Perhaps what happens is that
animals are tame – and it’s rather like fame being thrust upon us. It makes us
feel special, in fact so special that we can afford to withdraw intimacy and
friendly feelings altogether. There’s a certain safety that comes from knowing
that those domesticated animals have no power over us, so they pose no threat.
So, I can say, “They can’t possibly hurt me even if I ignore them or hurt them.
They have no hold over me”. But subtly they do. Their body tissues and
secretions are attractive foods for humans, and as such become addictive
substances we can’t do without. Then the animals get their revenge as a weight
on our conscience for harming them and as a harm to our bodies for ingesting
them.

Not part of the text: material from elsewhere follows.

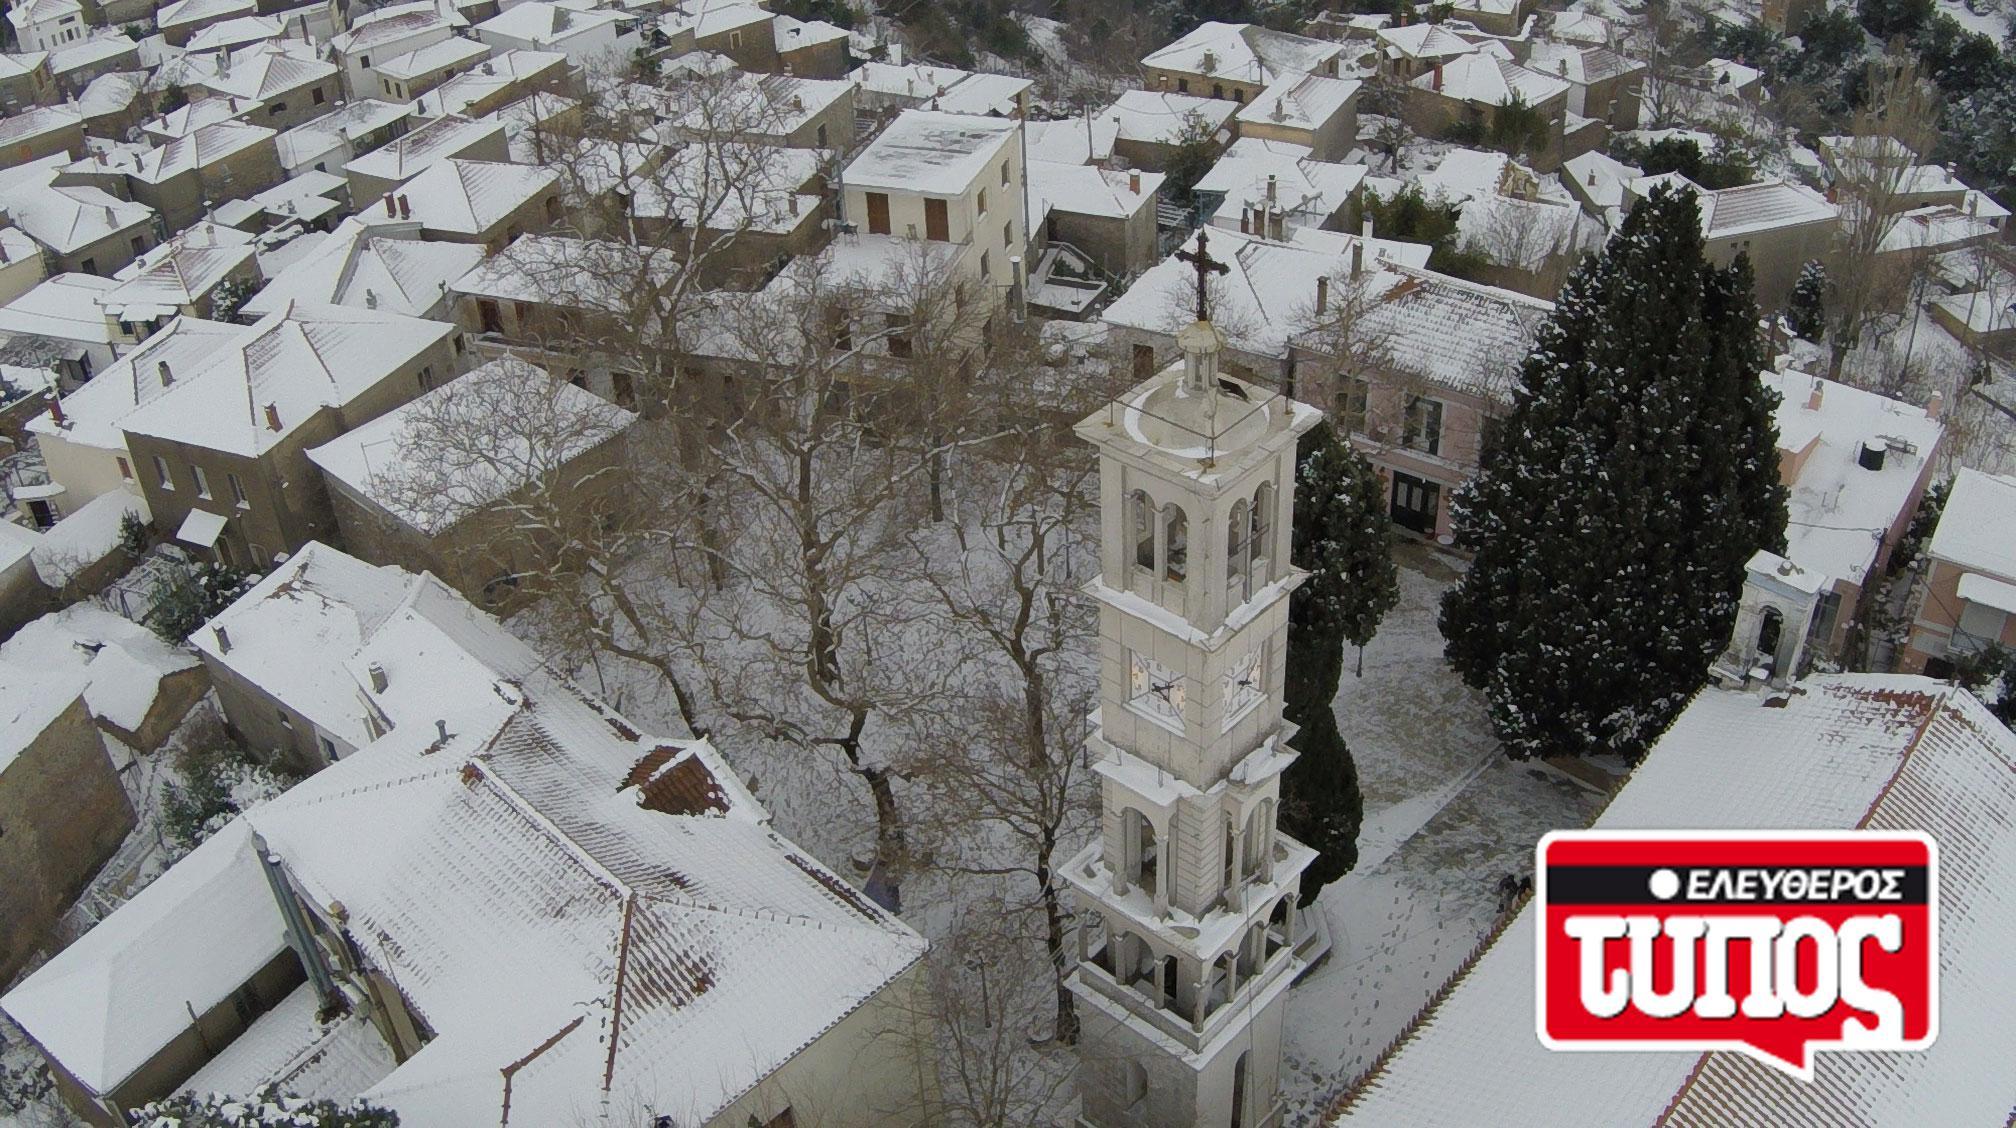 laukos-piliou-xionismenos-aerofotografies-1300-9 Εντυπωσιακές αεροφωτογραφίες από το χιονισμένο Λαύκο Πηλίου [εικόνες]

We play dangerously ugly games with what we perceive to be ‘ugly
animals’.
It’s easy to show our
kindness to a cute puppy or to the young-person member of the family, but we
won’t necessarily be so kindly inclined towards a stranger (human). And we’ll
feel even less warm towards an anonymous farm animal (non-human) who is going
to be turned into my favourite food.
But all that is changing.
Now, in this present age, we are becoming more aware how unattractive is the
hard-nosed human. And conversely, a once-reviled, soft-hearted (“bleeding
heart”), gentler, kinder character is emerging to replace the meat-eating
animal-despisers. And so, the balance point of our society is starting to change.